7. But this question of Mr. Huxley's is further noticeable on account of the connection in which it is found; a connection highly significant in relation to its author's disclaimer of "materialism." In varying phrase, but always to the same effect, in three short consecutive sentences he thrice reiterates the question:

"What justification is there then for the assumption of the existence in the living matter of a something which has no representative or correlative in the not-living matter that gave rise to it? What better philosophic status has vitality than aquosity?
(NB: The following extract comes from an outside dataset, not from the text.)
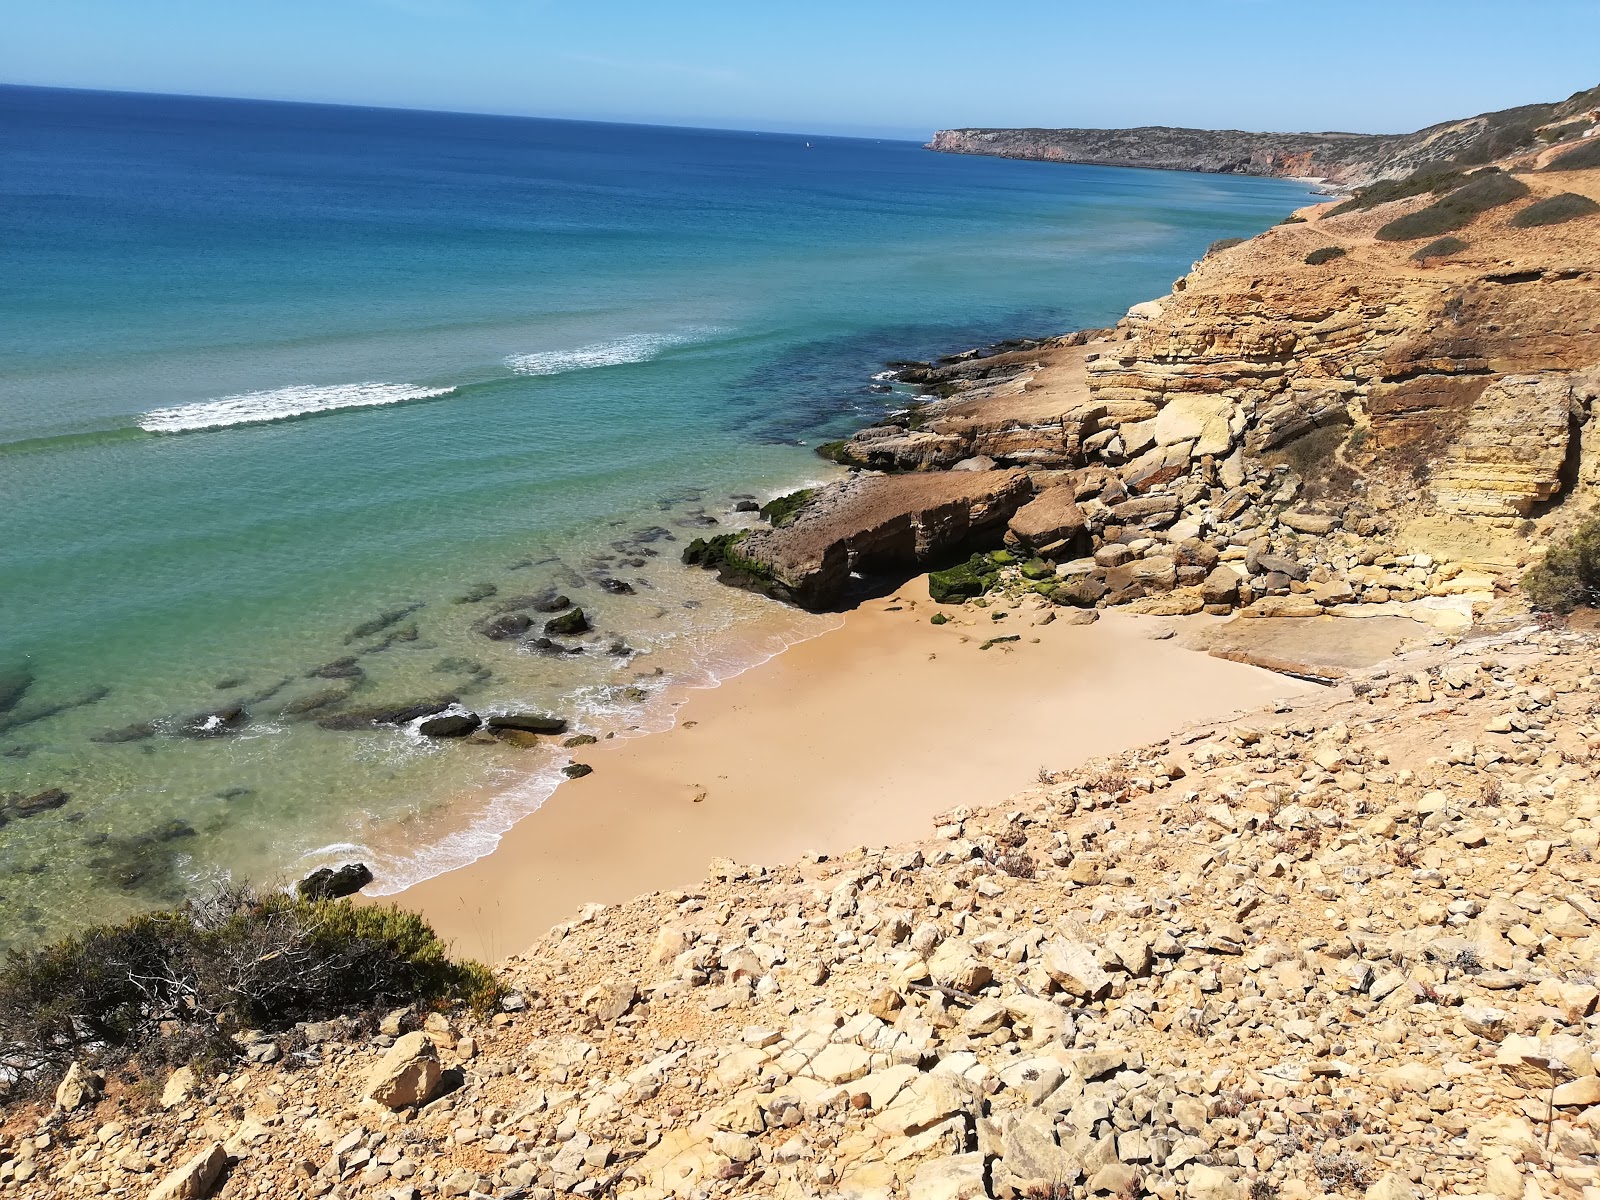 Fotografie cu Praia Santa cu o suprafață de nisip fin strălucitor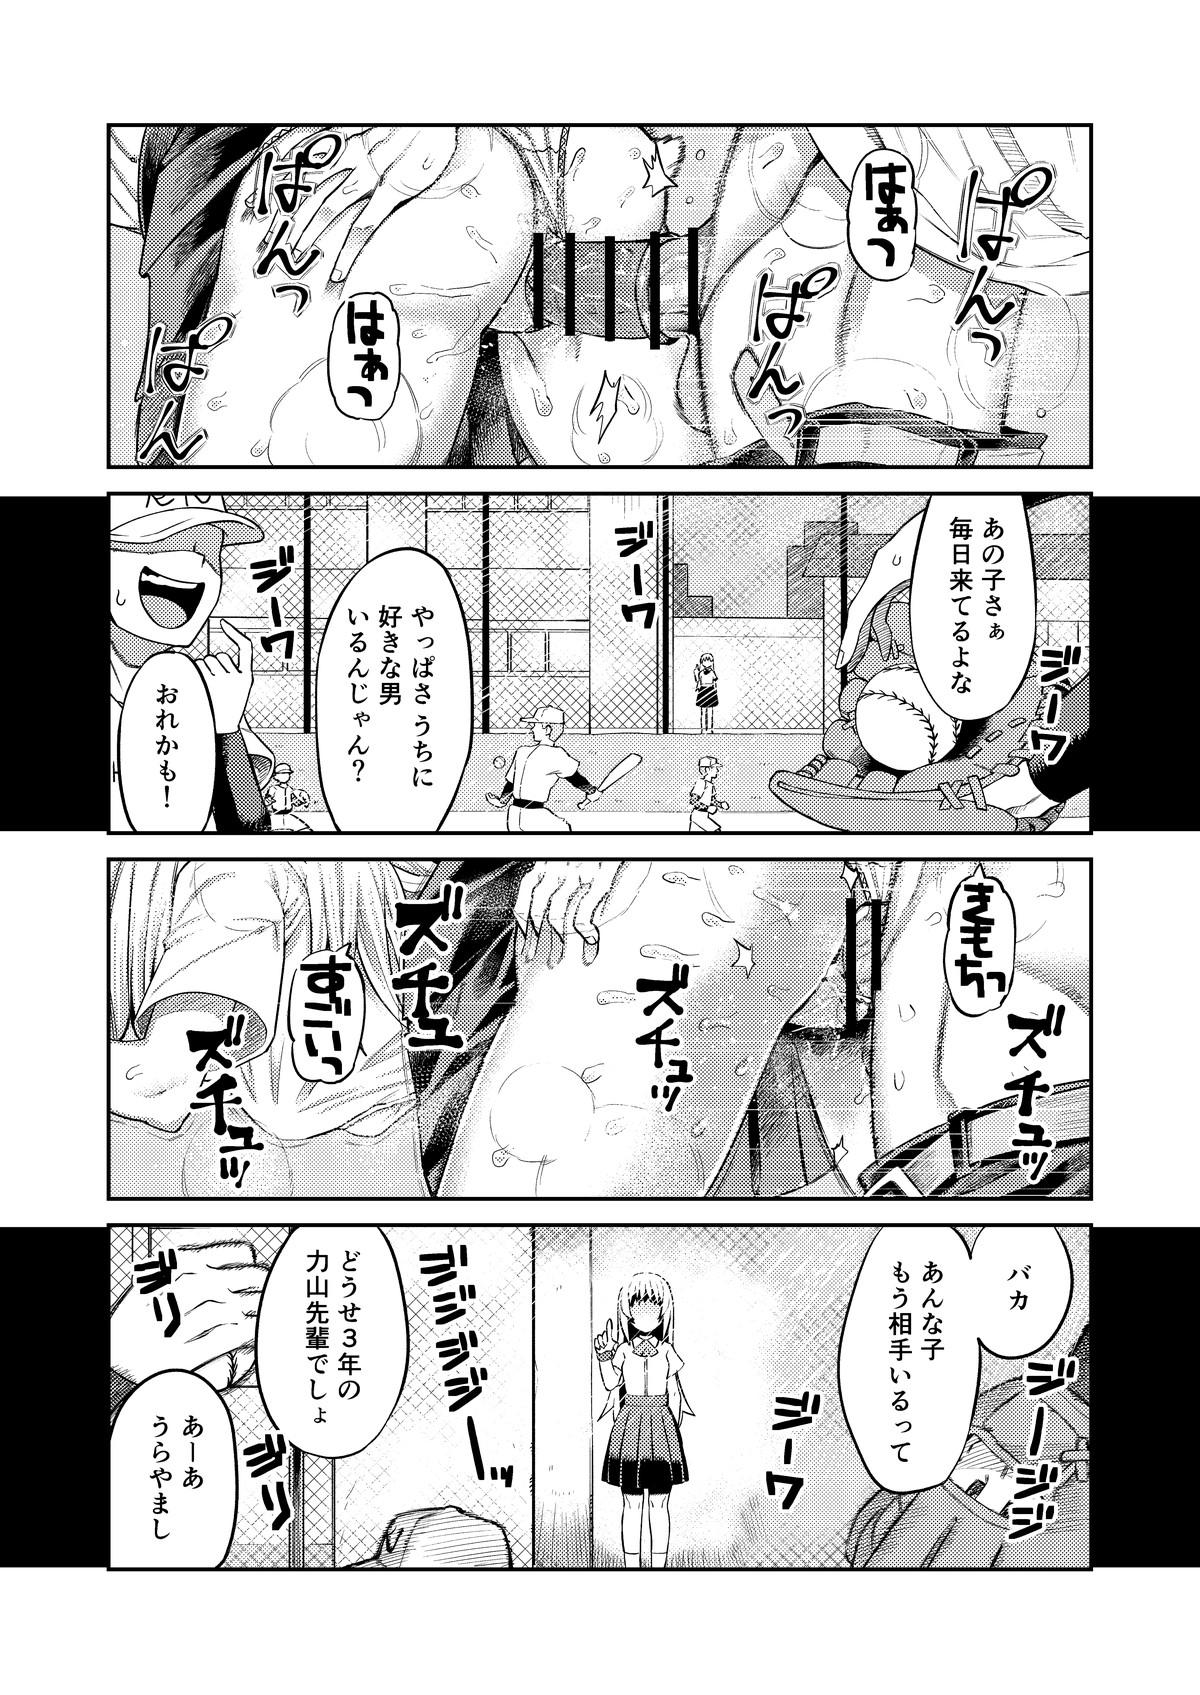 Suckingdick Riyū wa fumeidaga etchi shite kureru kōhai - Original Blow Jobs - Page 2

And why should vitality hope for a better fate than the other itys which have disappeared since Martinus Scriblerus accounted for the operation of the meat-jack by its inherent meat-roasting quality, and scorned the materialism of those who explained the turning of the spit by a certain mechanism worked by the draught of the chimney?" 1

"This," replies Dr. Elam, "is very amusing -no one can be more so than Professor Huxley; -a little perception of facts and analogies would make it perfect. The answer is obvious, if answer is required. All these are machines

1 Fortnightly Review, February, 1869, p. 140.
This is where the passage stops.